## ACTION ITEM
Please restate each line of the data that follows word for word, skipping any image.
-- DATA SEGMENT follows --
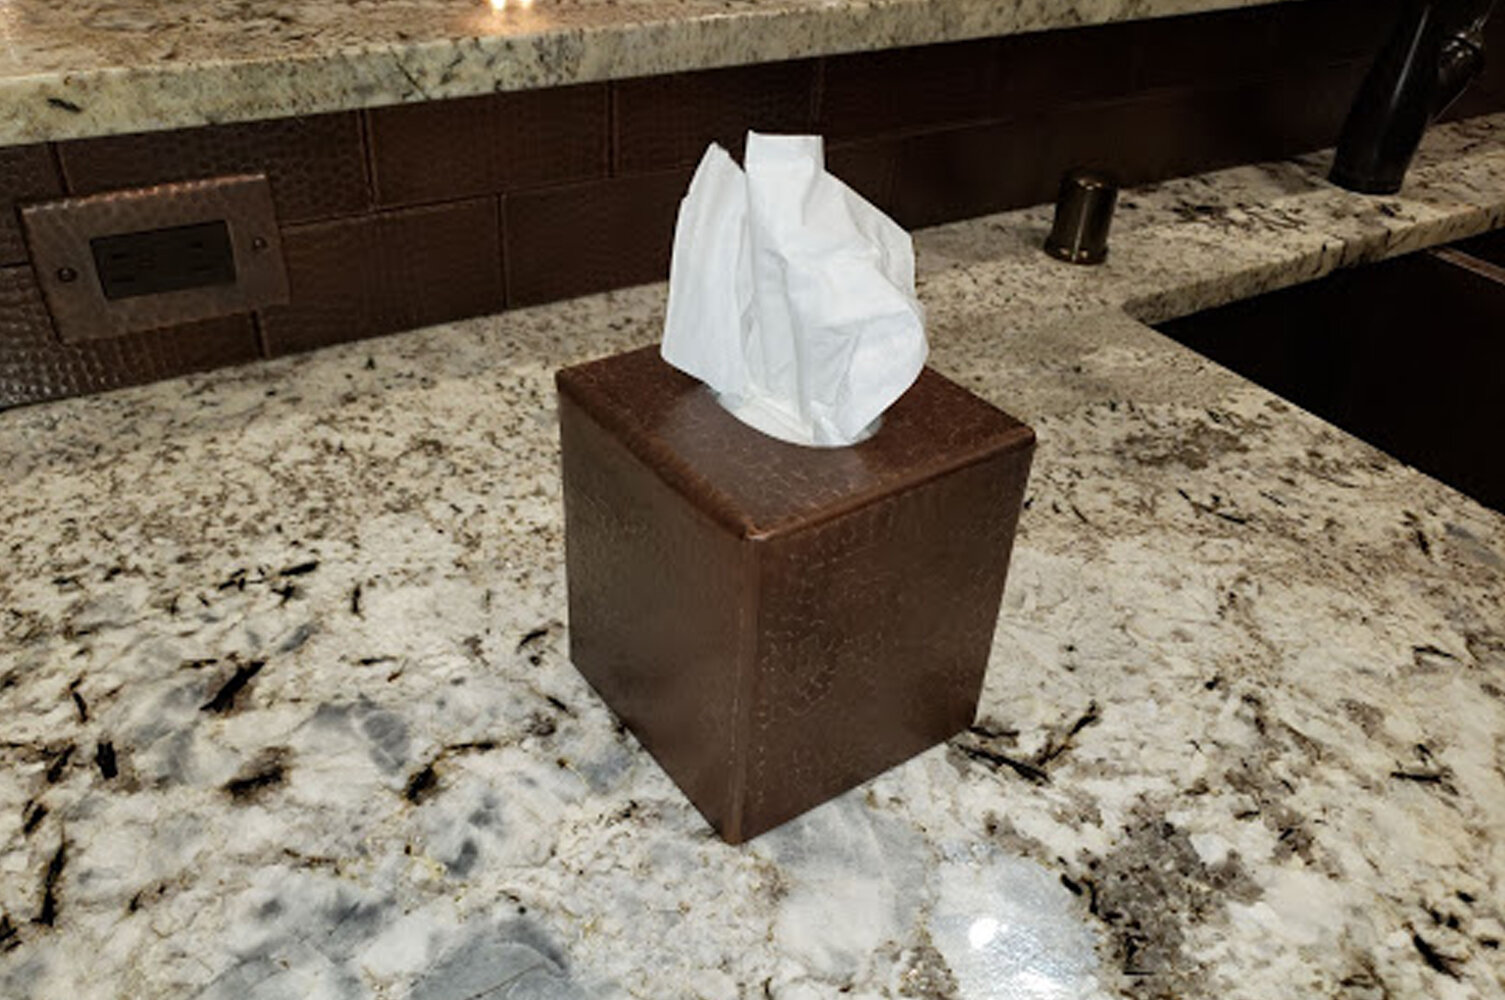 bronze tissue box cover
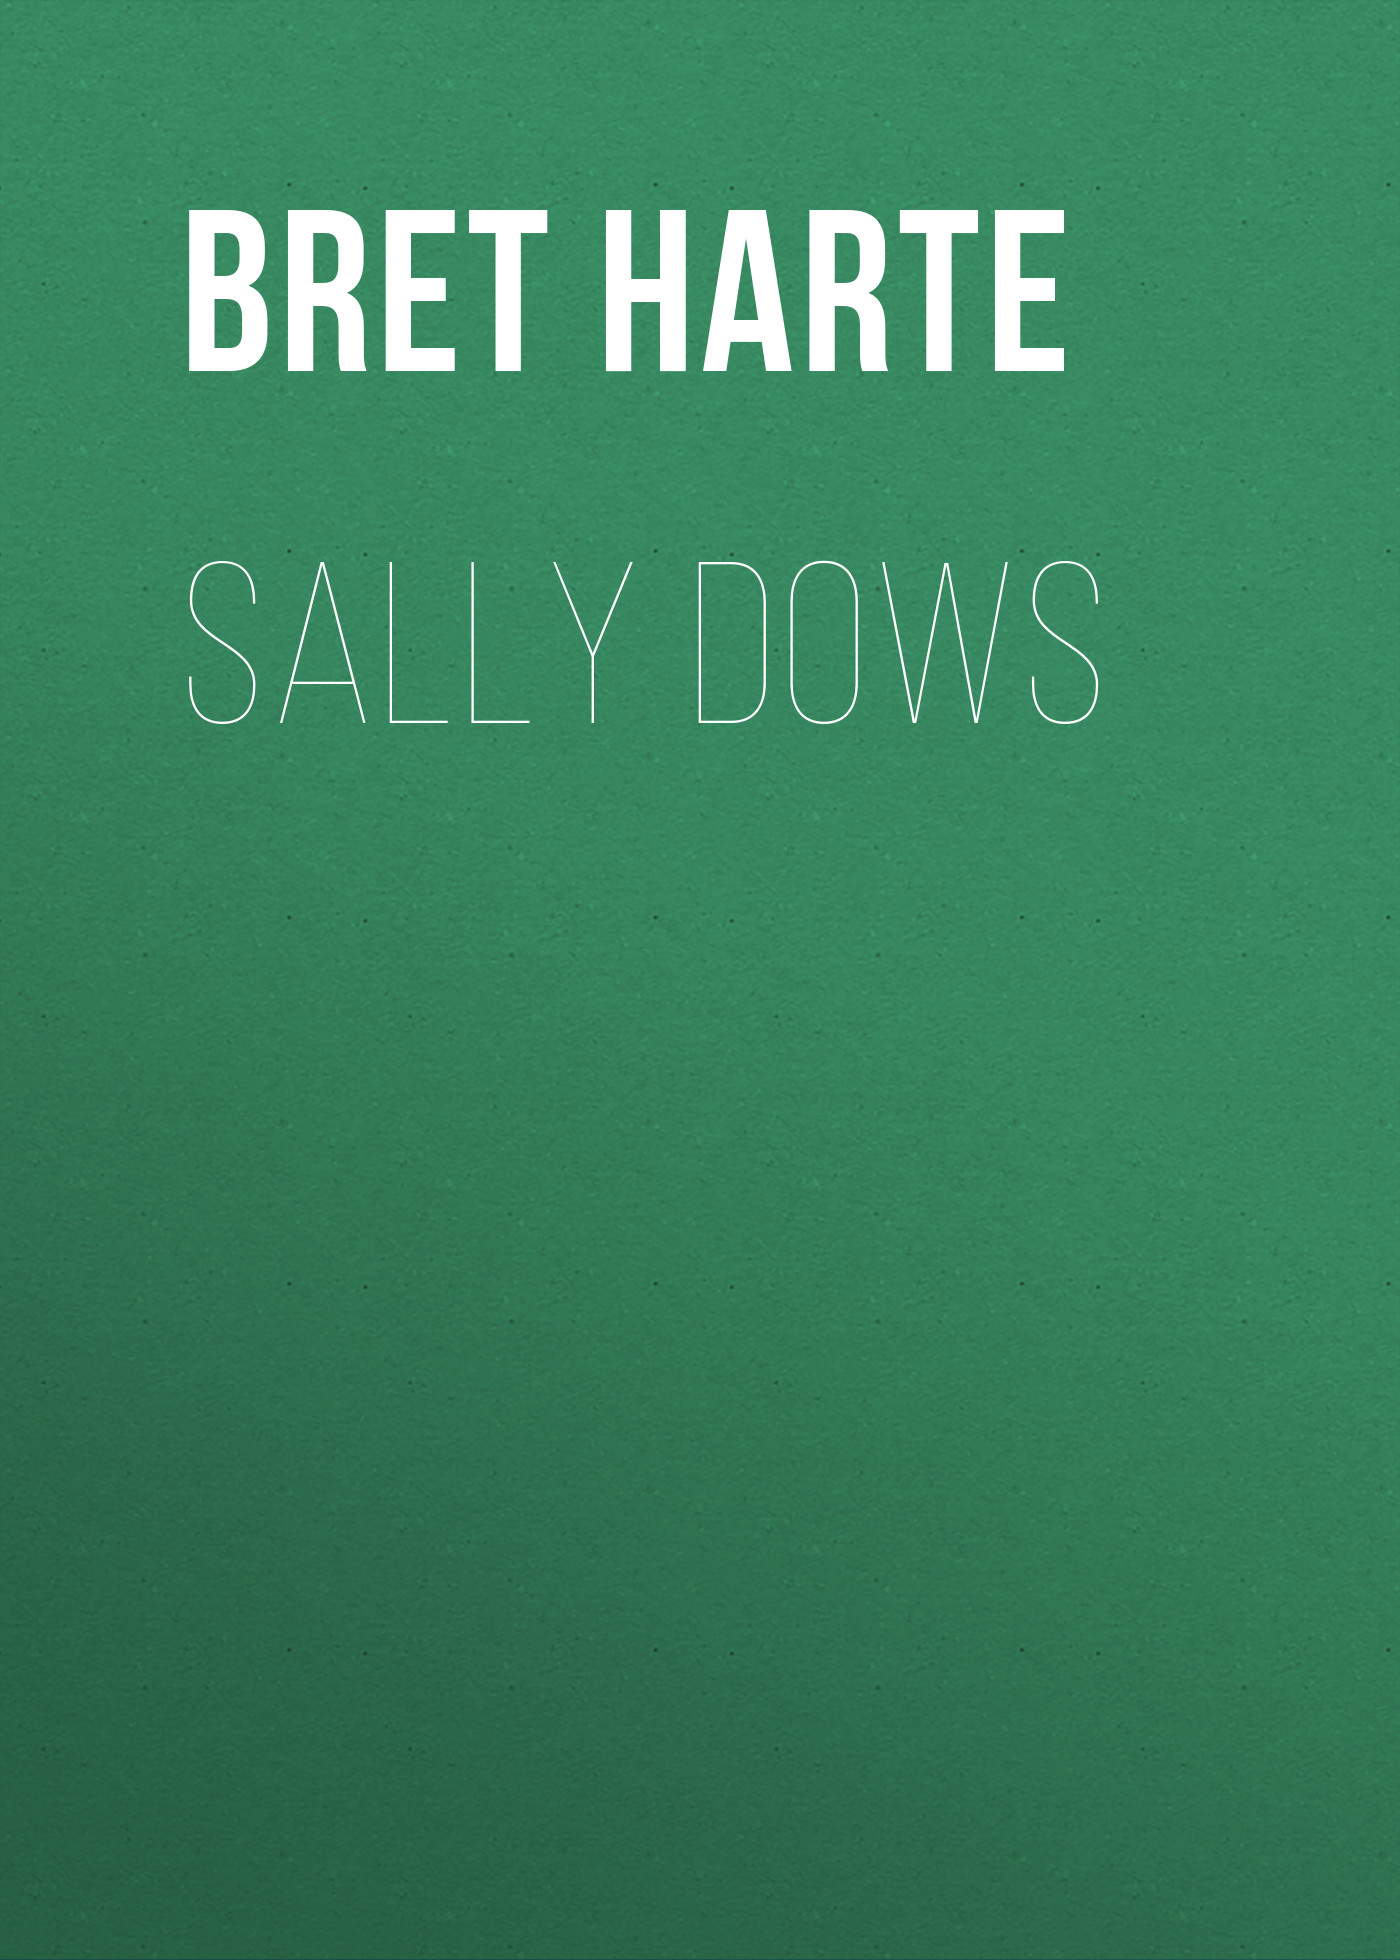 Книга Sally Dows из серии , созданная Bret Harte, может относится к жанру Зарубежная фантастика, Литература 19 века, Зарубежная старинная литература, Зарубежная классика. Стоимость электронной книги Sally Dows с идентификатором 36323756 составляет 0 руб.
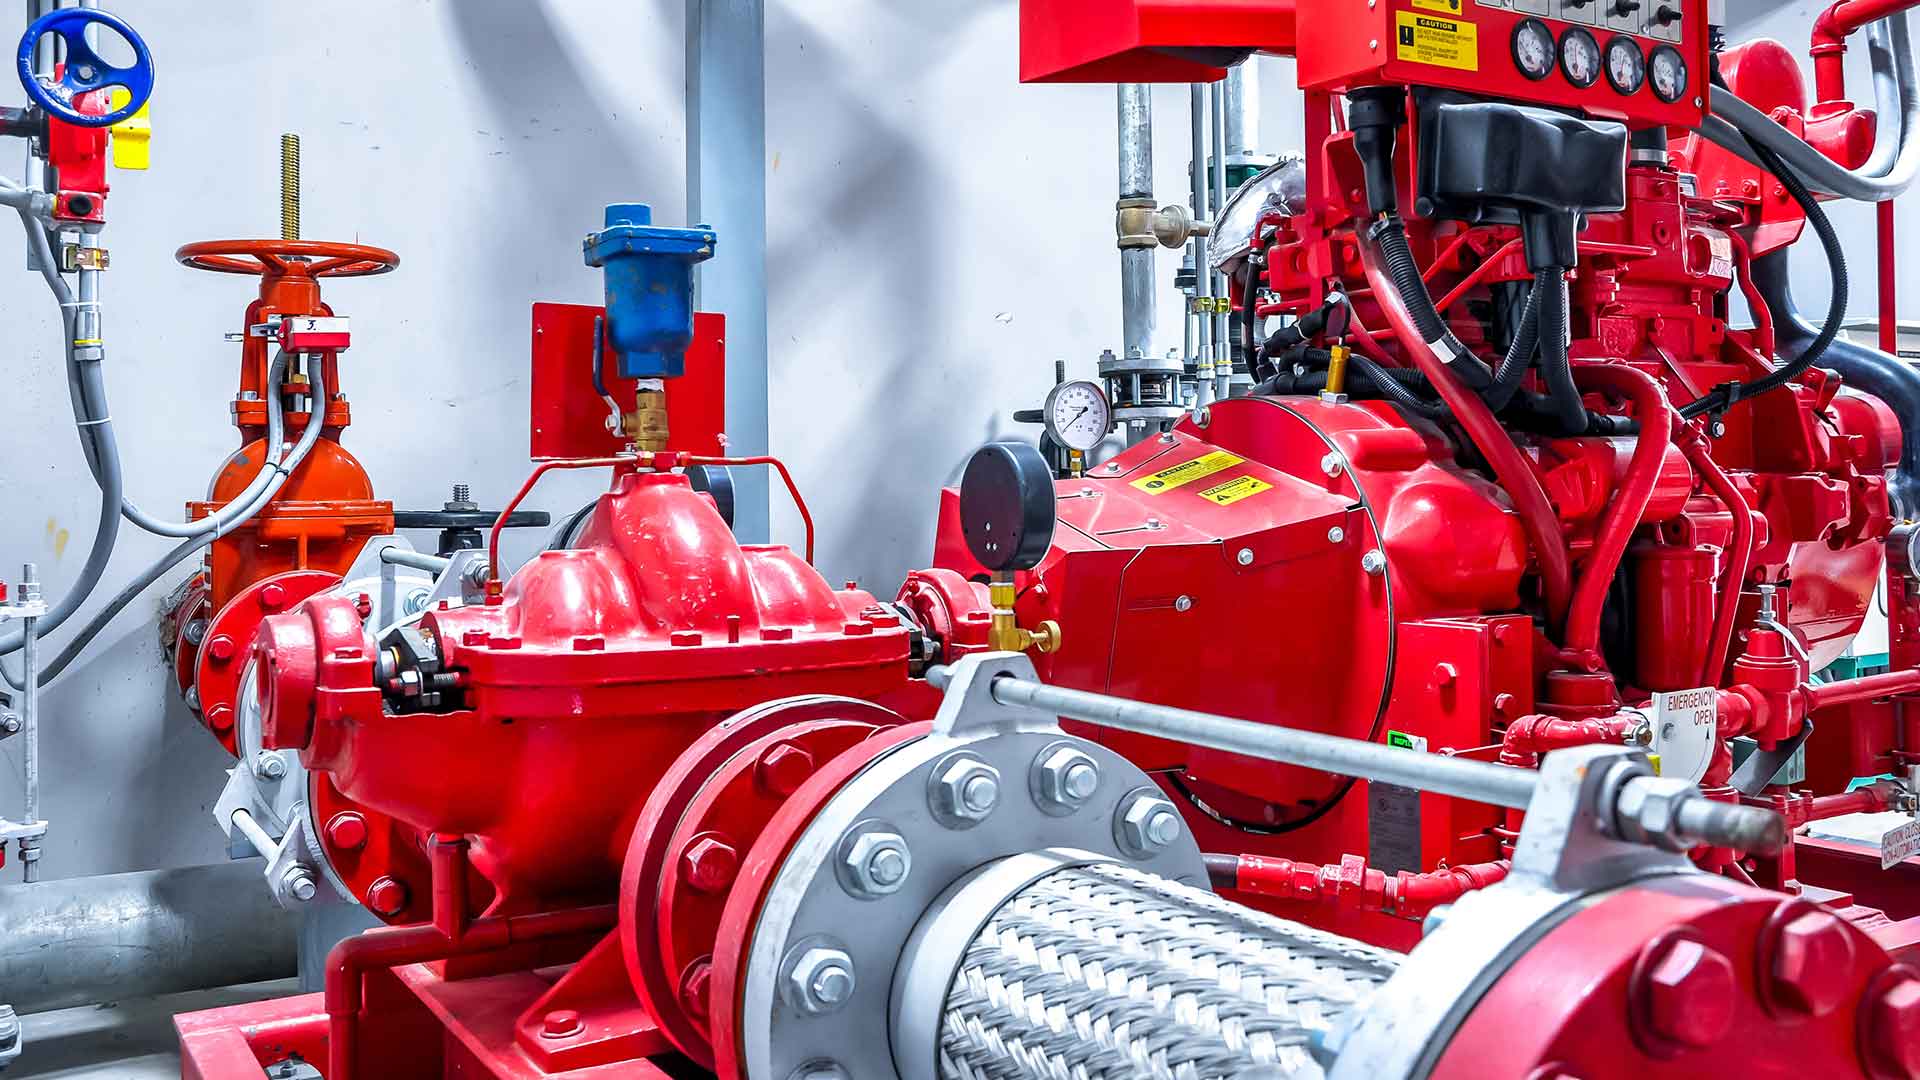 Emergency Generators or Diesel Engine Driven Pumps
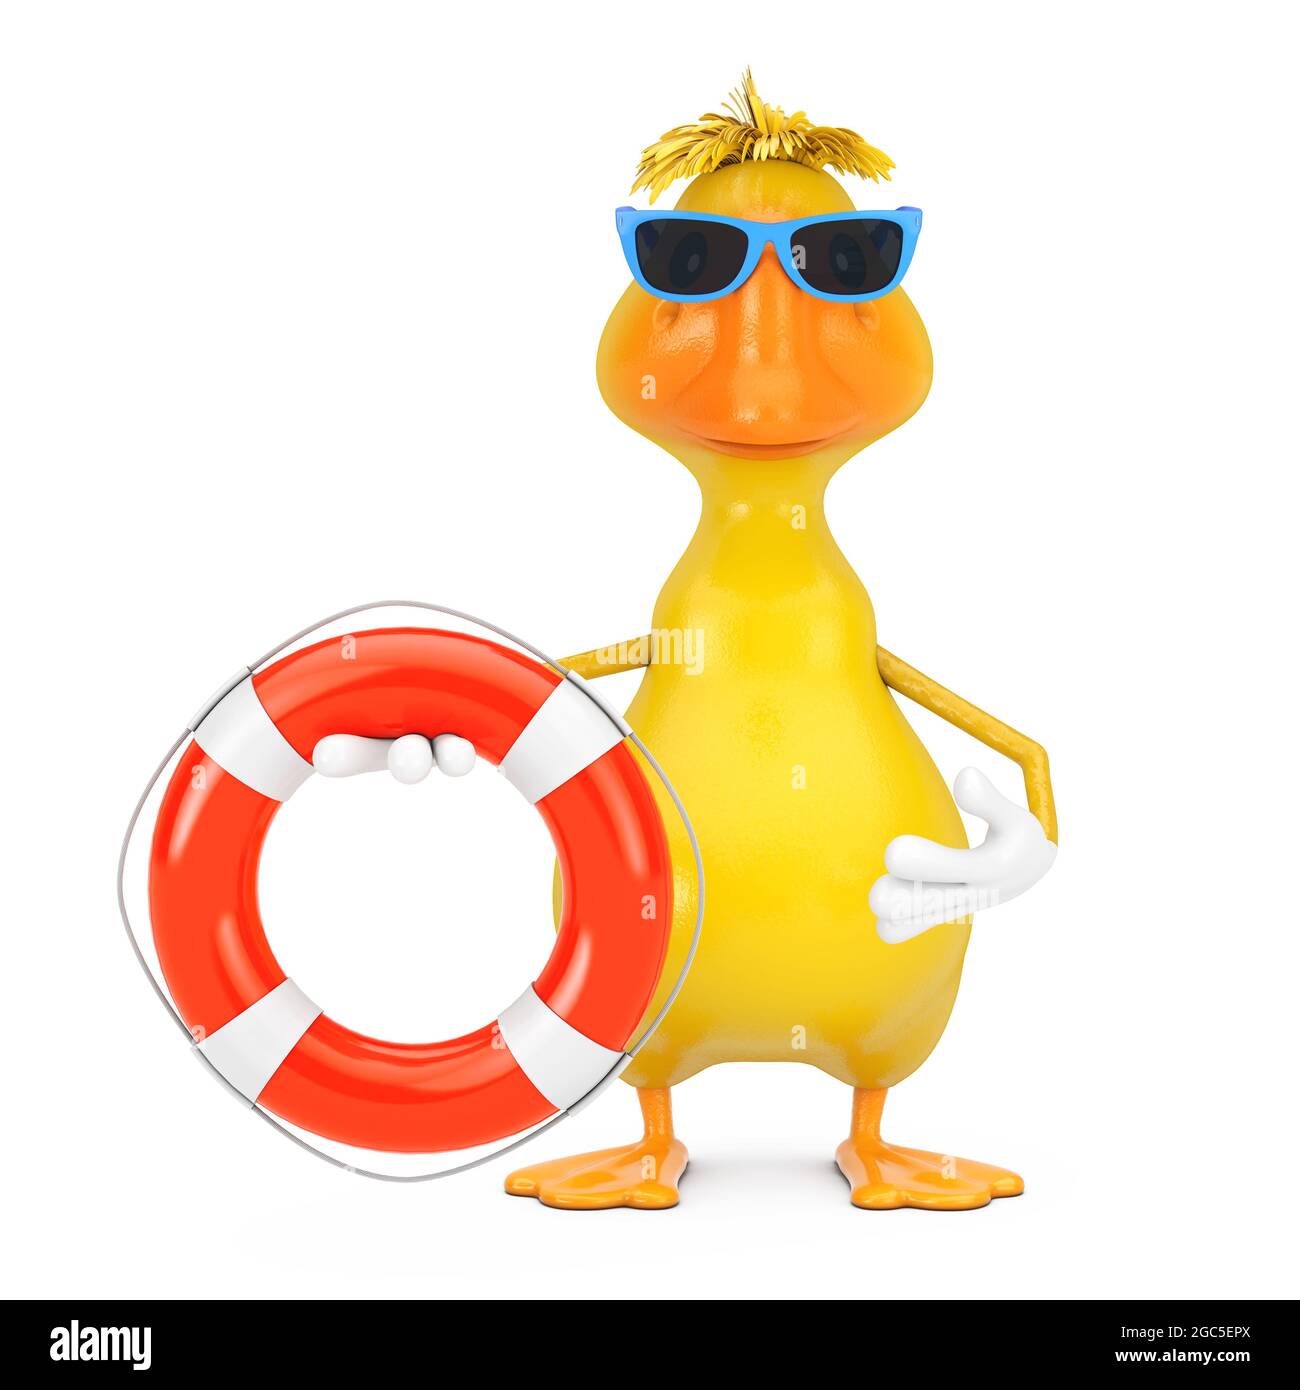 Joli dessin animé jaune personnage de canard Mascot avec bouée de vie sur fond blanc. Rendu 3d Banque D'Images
-- DATA SEGMENT concluded --
## ANSWER TO THE PROBLEM
 bronze tissue box cover
 Книга Sally Dows из серии , созданная Bret Harte, может относится к жанру Зарубежная фантастика, Литература 19 века, Зарубежная старинная литература, Зарубежная классика. Стоимость электронной книги Sally Dows с идентификатором 36323756 составляет 0 руб.
 Emergency Generators or Diesel Engine Driven Pumps
 Joli dessin animé jaune personnage de canard Mascot avec bouée de vie sur fond blanc. Rendu 3d Banque D'Images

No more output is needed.